Regardless of the dose escalator groups having lower drug efficacy before DE, a gradual reduction in the differences in OAB symptoms between the two groups was evident. By week 4, the mean percentage improvements in diary variables were significantly smaller in the DE group than in the NE group (all P<0.05). Drug efficacy in the DE group became similar to that in the NE group. At week 12, the number of UUI episodes per 24 hours was the only variable that was statistically different between the two groups. At the end of the study, no statistical differences were observed between the groups for any diary variables.
It is difficult to compare our results directly with flexible-dose studies of other anticholinergics.

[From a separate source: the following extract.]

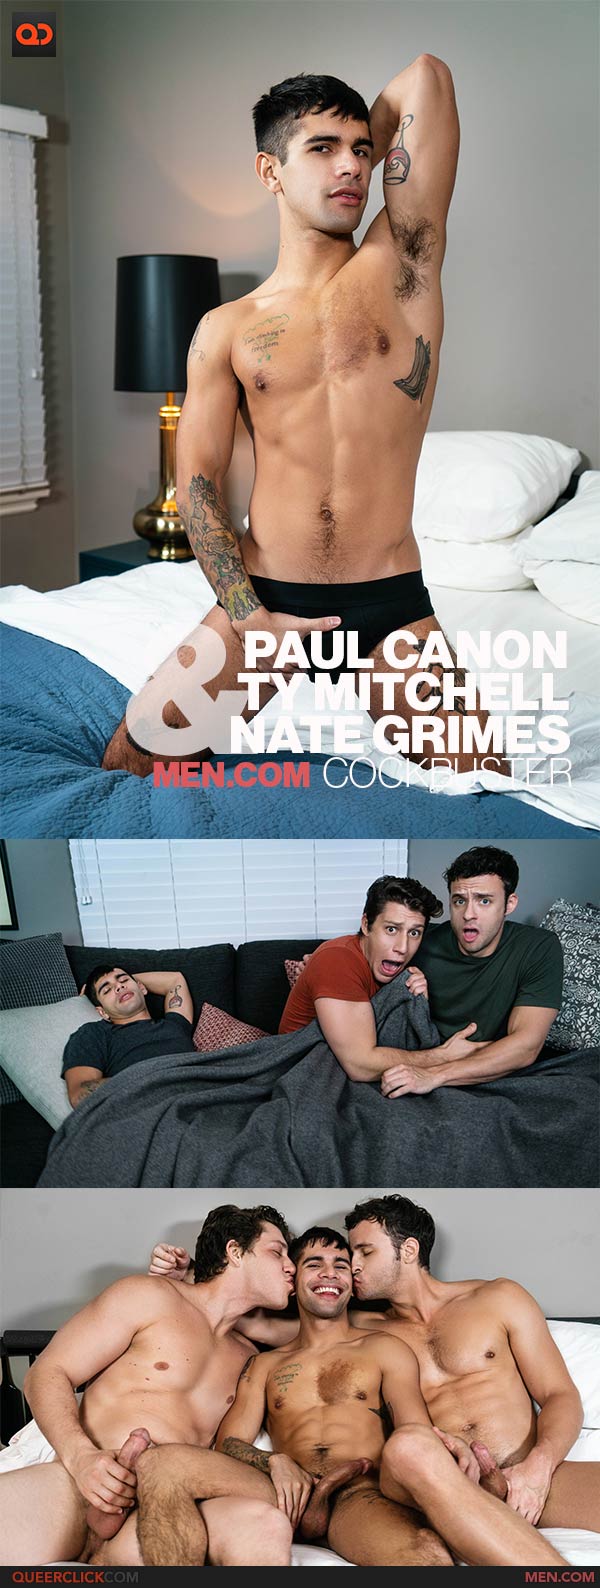 Men.com: Paul Canon, Ty Mitchell and Nate Grimes

In a fesoterodine study, at week 4 (before the decision to escalate), all the outcomes were significantly improved from the baseline in both groups (all P<0.05), and no significant differences were observed between the non-escalators and escalators at week 12, except UUI episodes per 24 hours (P<0.05) [17]. The fesoterodine study also showed similarities with our results in that the number of UUI episodes was the slowest variable to respond to the anticholinergic drug. A dose increase was requested by 41.2% of patients receiving 5-mg solifenacin after 4 or 12 weeks of active treatment. The incidence of DE in our study is similar to that in previous reports; a dose increase was requested by 48% of patients on solifenacin in the STAR study [8], 47% in the SUNRISE study [6], and 44.1% in the VENUS study [9].

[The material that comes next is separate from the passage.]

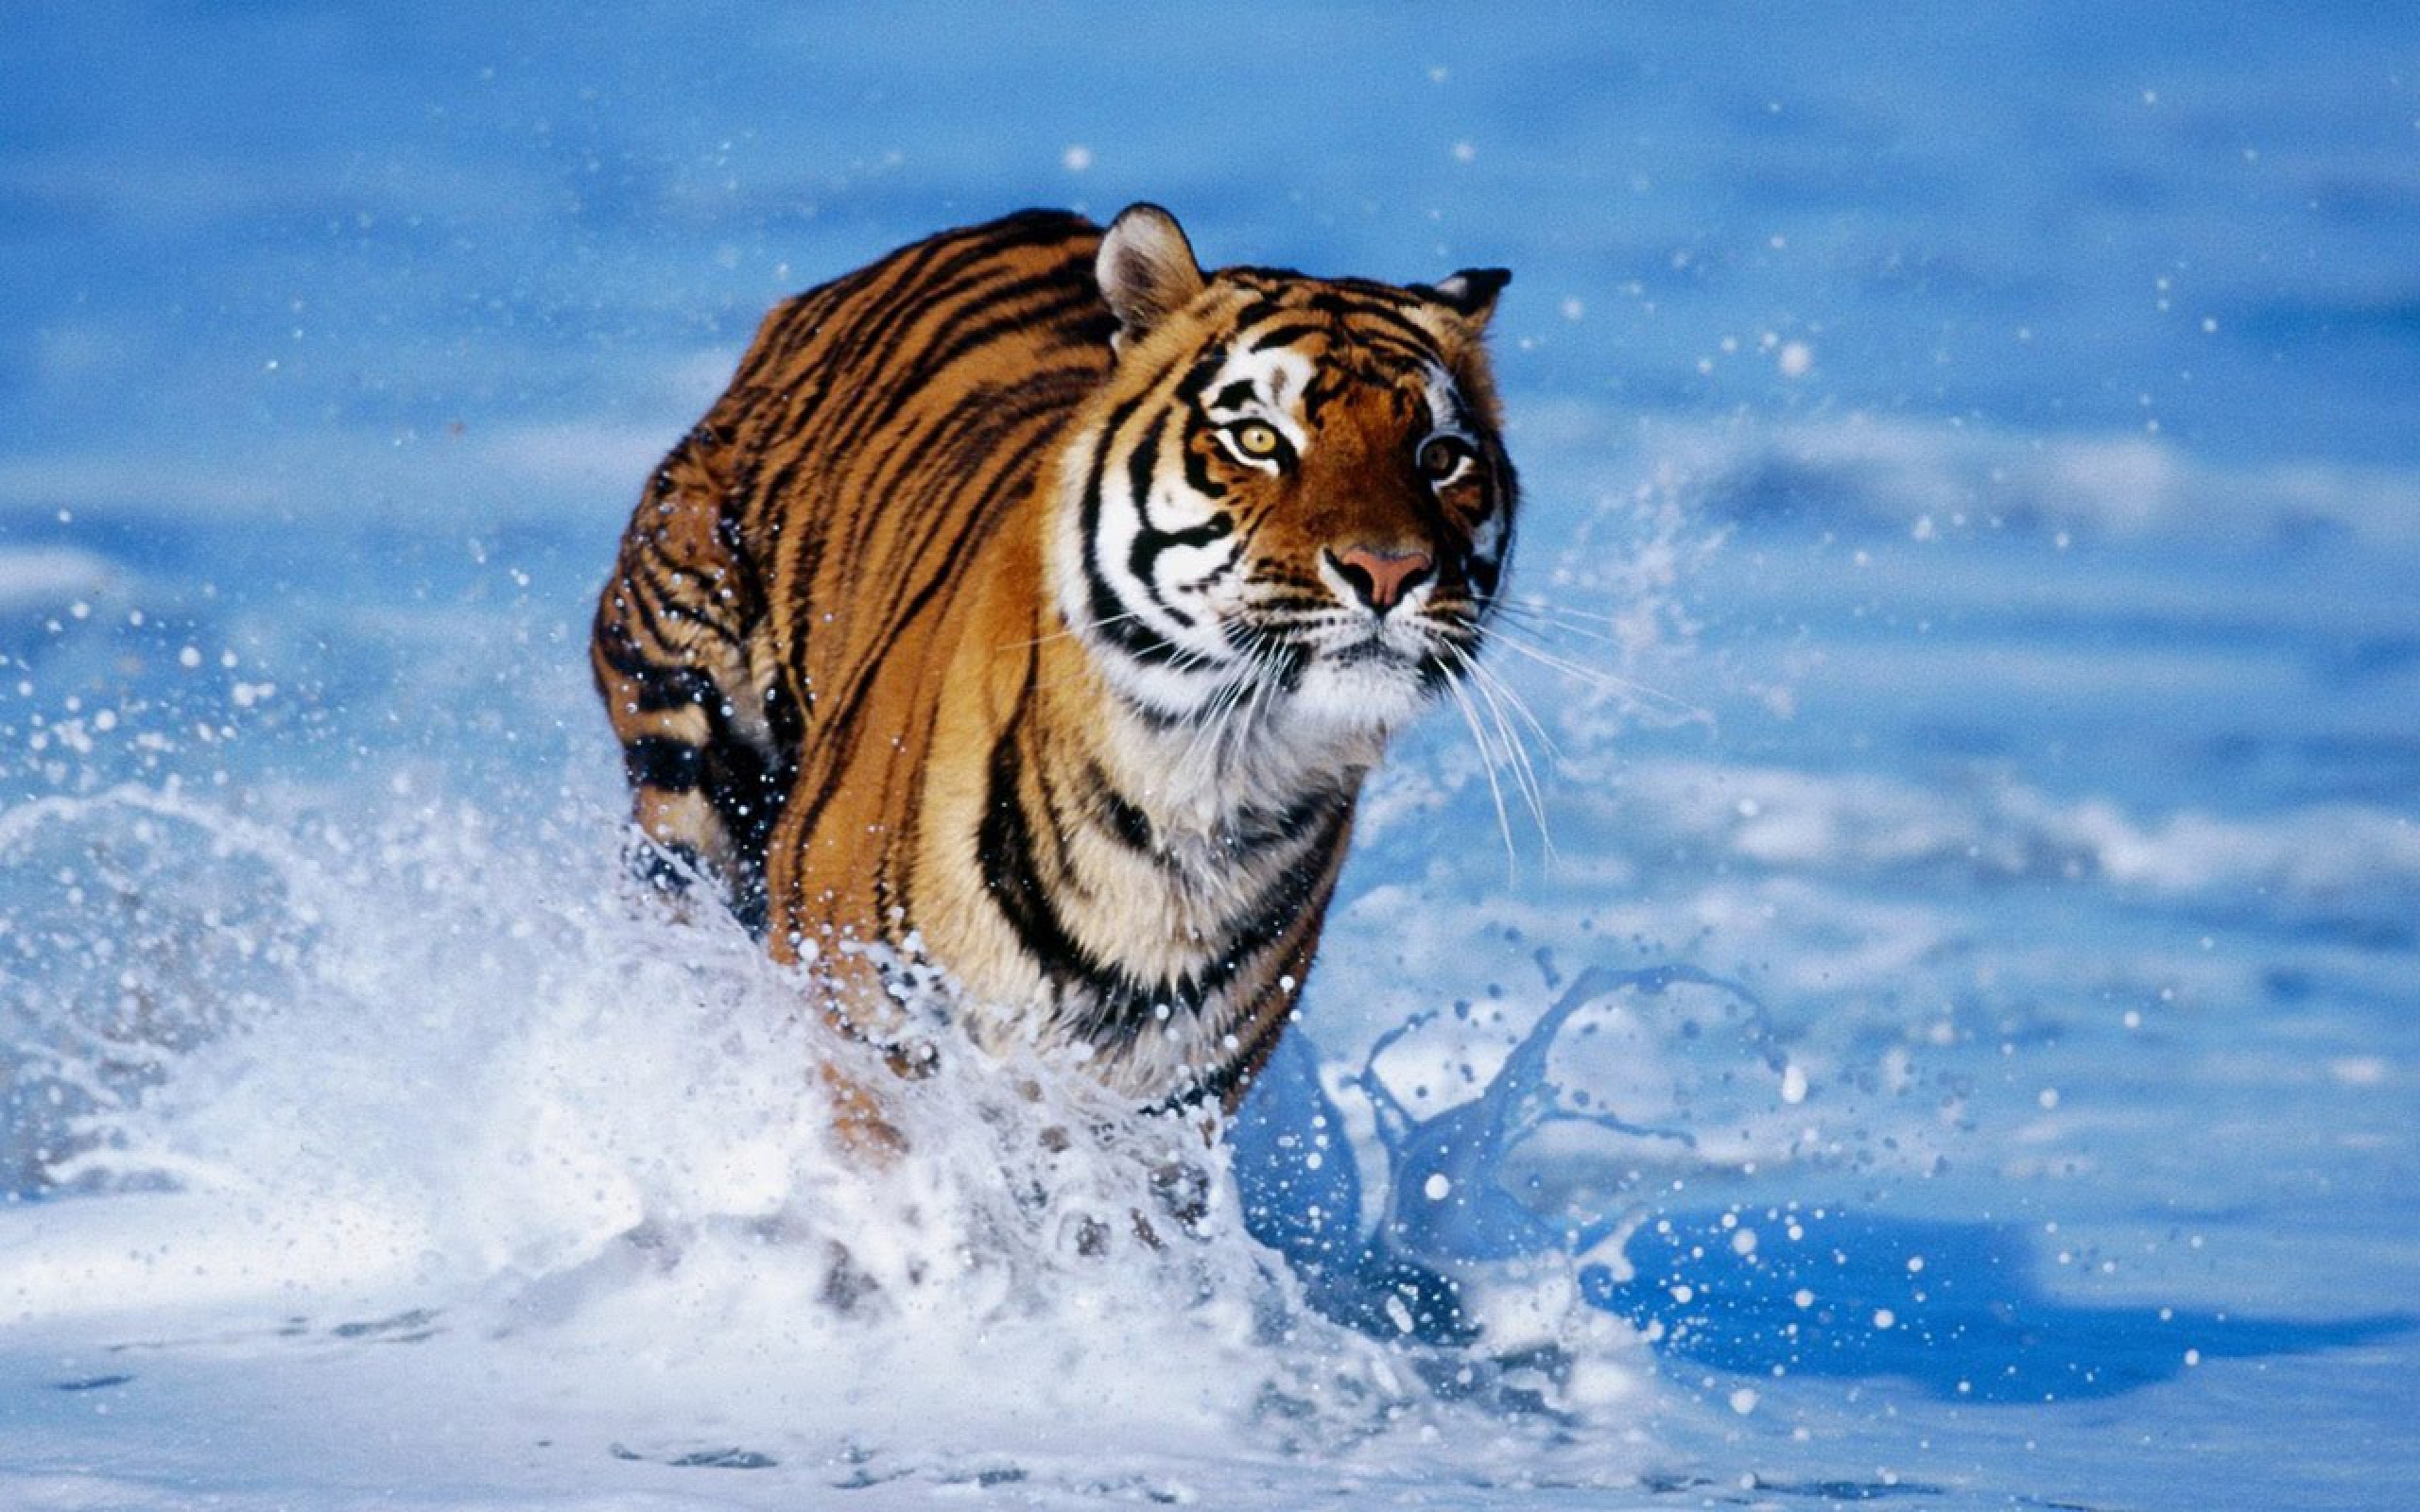 Tiger Wallpaper Image Photos Pictures Background

This study had several limitations. It had a retrospective design, and only patients who continued the drug for 24 weeks were included, which is inherently a selection bias (all the patients who discontinued or did not comply for 24 weeks are not included in this population). There was great opportunity for bias in this small population, although the patients were followed up according to the protocol of our department. Objective parameters, including micturition, urgency episode, and urgency incontinence episode data, were used to make an objective comparison between dose escalators and nonescalators. However, a subjective measurement index of changes in urgency incontinence, treatment satisfaction, and quality of life was lacking.
In conclusion, the flexible-dose treatment with solifenacin improved OAB symptoms in the patients who chose to maintain the initial dose, as well as in 41% of those who chose to escalate the dose after 4 or 12 weeks. Although the reduction in OAB symptoms was insufficient in the DE group before DE, the gap narrowed steadily to be similar by the end of the study period (24 weeks). Patients with unfavorable initial symptoms had a tendency to escalate to 10-mg solifenacin and showed significant improvements in OAB symptoms. The use of flexible-dose solifenacin (5 or 10 mg) is associated with UUI and higher total OABSS.
Notes
No potential conflict of interest relevant to this article was reported.